Fig. 6. Acquired US images showing the gallbladder of each subject.
Gallbladder coverage
The score of the gallbladder coverage was 1.23 ± 0.99 when PC and VS were not applied, 1.68 ± 1.07 when PC was applied and VS was not applied, 1.47 ± 0.89 when PC was not applied and VS was applied, and 1.63 ± 1.05 when both PC and VS were applied. There was a significant difference between the condition in which PC and VS were not applied, and the conditions in which only PC was applied and both PC and VS were applied (p < 0.01). Focusing on the results per subject, the scores for No. 1 and 2 were relatively high, while the score for No. 3, who had the relatively high BMI, was notably low.
Discussion
When the posture control was applied, the detection rate of the gallbladder improved. One possible explanation is related to the geometry of the body surface near the subcostal region. In individuals with a standard body type, the height of the abdomen is often lower than the height of the chest in the supine position (see Fig. 4), meaning the body surface may slope downward from the chest toward the abdomen. Under such conditions, placing the US probe perpendicular to the body surface may naturally orient it in a direction that “looks up” toward the underside of the rib. Since the gallbladder is often located beneath or partially obscured by the rib cage, this orientation could contribute to improved visualization. In contrast, in individuals with higher BMI, the slope of the body surface may differ from that of the standard body type. As a result, posture control based on the local surface normal could rotate the probe in a direction that does not favor gallbladder visualization. This may help explain why the gallbladder was difficult to detect in the trials of subject No. 3, who had a relatively high BMI; however, we cannot conclude BMI as the sole cause, and additional anthropometric factors may also be involved. To accommodate a wide range of body types, it may be necessary to develop a method that adjusts the probe posture to “look up” toward the underside of the ribs—such as a gallbladder-centered visual servoing approach—rather than relying strictly on the local surface normal. Furthermore, although the contact force in our experiments was fixed at 5 N, patients with higher BMI may require greater force for adequate visualization; this is another factor that may have contributed to the observed variability.
Although the lowest shadow incidence would be expected when both posture control and visual servoing are applied, there was one trial in which the shadow incidence rate was unexpectedly high (72%). In this trial, shadows appeared simultaneously on both the left and right sides of the US image. Typically, when bilateral shadows are caused by poor contact, they can be reduced simply by increasing the probe’s contact force. However, in this particular case, the left-side shadow was caused by insufficient contact, while the right-side shadow resulted from rib interference. This combination occurred because the scan path was positioned too close to the ribs, making it difficult for the system to correct both issues simultaneously. It should also be noted that the severity of detected shadows was not precisely differentiated, as the criteria in this study simply defined shadows as those occurring at the image edges and extending continuously from top to bottom.

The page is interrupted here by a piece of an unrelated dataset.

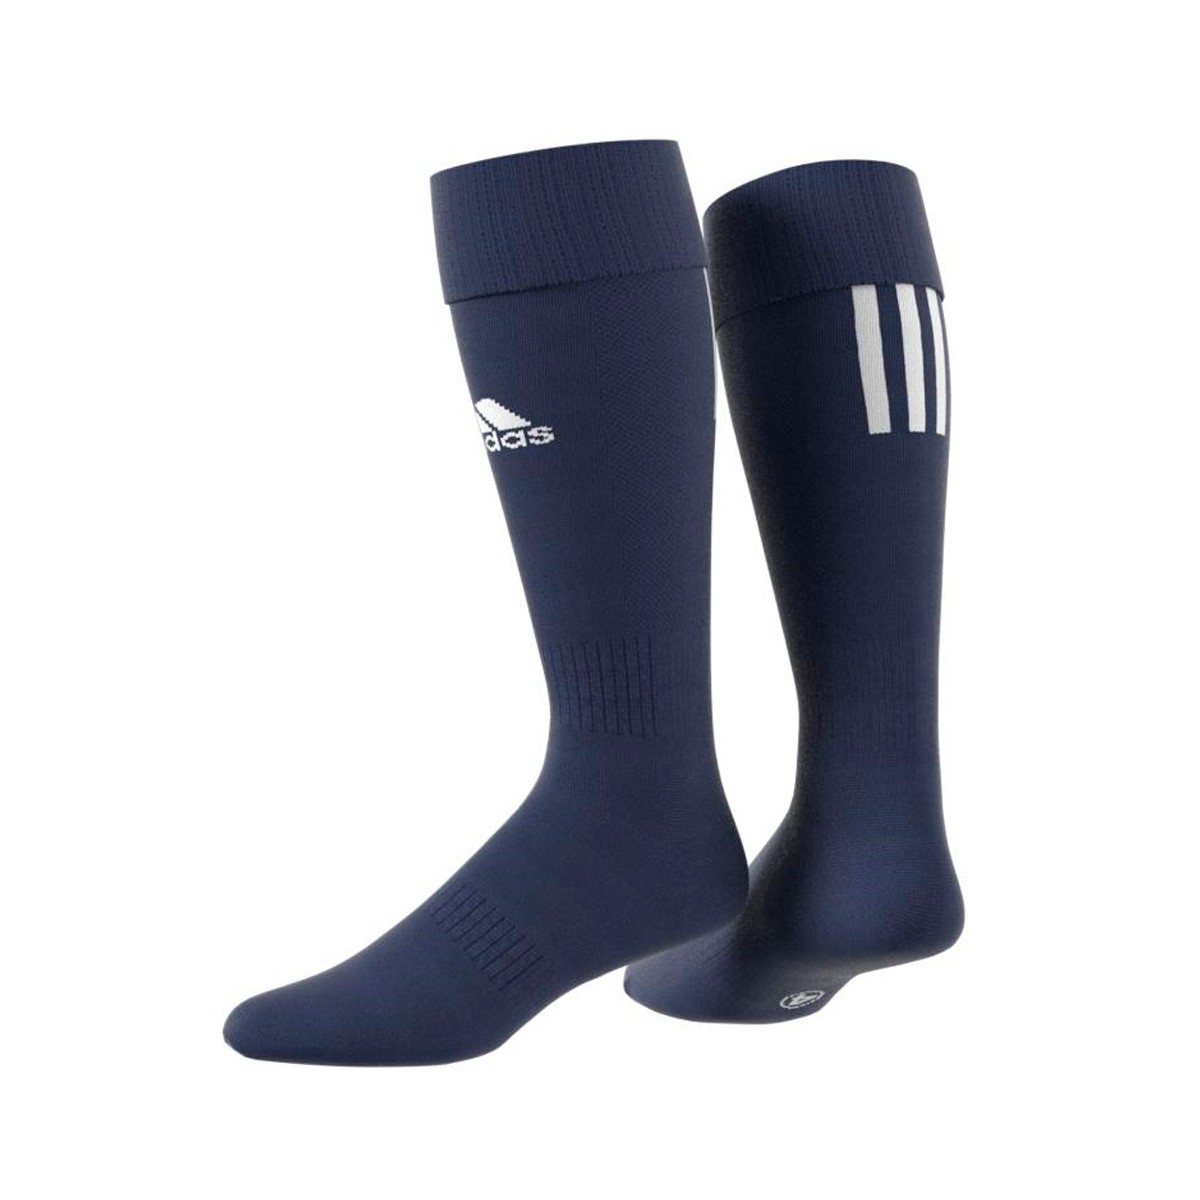 navy adidas football socks

Future work may benefit from distinguishing between mild shadows (e.g., due to insufficient contact) and more severe rib shadows, and incorporating this information into robotic control. It may also be useful to allow the scan path to adjust dynamically when unanticipated shadows are encountered.
When visual servoing was applied, the detection rate of the gallbladder and the coverage score were slightly lower than when it was not applied. One possible interpretation is that the probe’s rotation to reduce shadowing may have caused the gallbladder to move temporarily out of plane. At the same time, factors such as the subject’s breathing pattern, natural anatomical variation, and the accuracy of scan path planning may also influence detection. Given that the reduction was small, it is difficult to attribute this effect primarily to the visual servoing.
Breathing variability presents another source of uncertainty. Subjects were instructed to take a deep breath and hold it, as in clinical practice^31^, but the depth and mode of breathing (abdominal vs. thoracic) differed slightly among trials. Such differences may influence both posture control based on the body surface normal and the actual gallbladder position. Additionally, discrepancies between breathing during path generation and during scanning may cause mismatches between the planned and executed scan positions. Addressing this may require classifying or quantifying subjects’ breathing patterns and adapting scan paths accordingly, or offering additional instructions for suboptimal breathing. Since the scan path in this study was generated before robot motion began, real-time updates to the path based on ongoing observations of the body surface could help reduce these mismatches. Furthermore, if the gallbladder is difficult to detect from the right subcostal approach, alternative paths—such as intercostal scanning—may be necessary.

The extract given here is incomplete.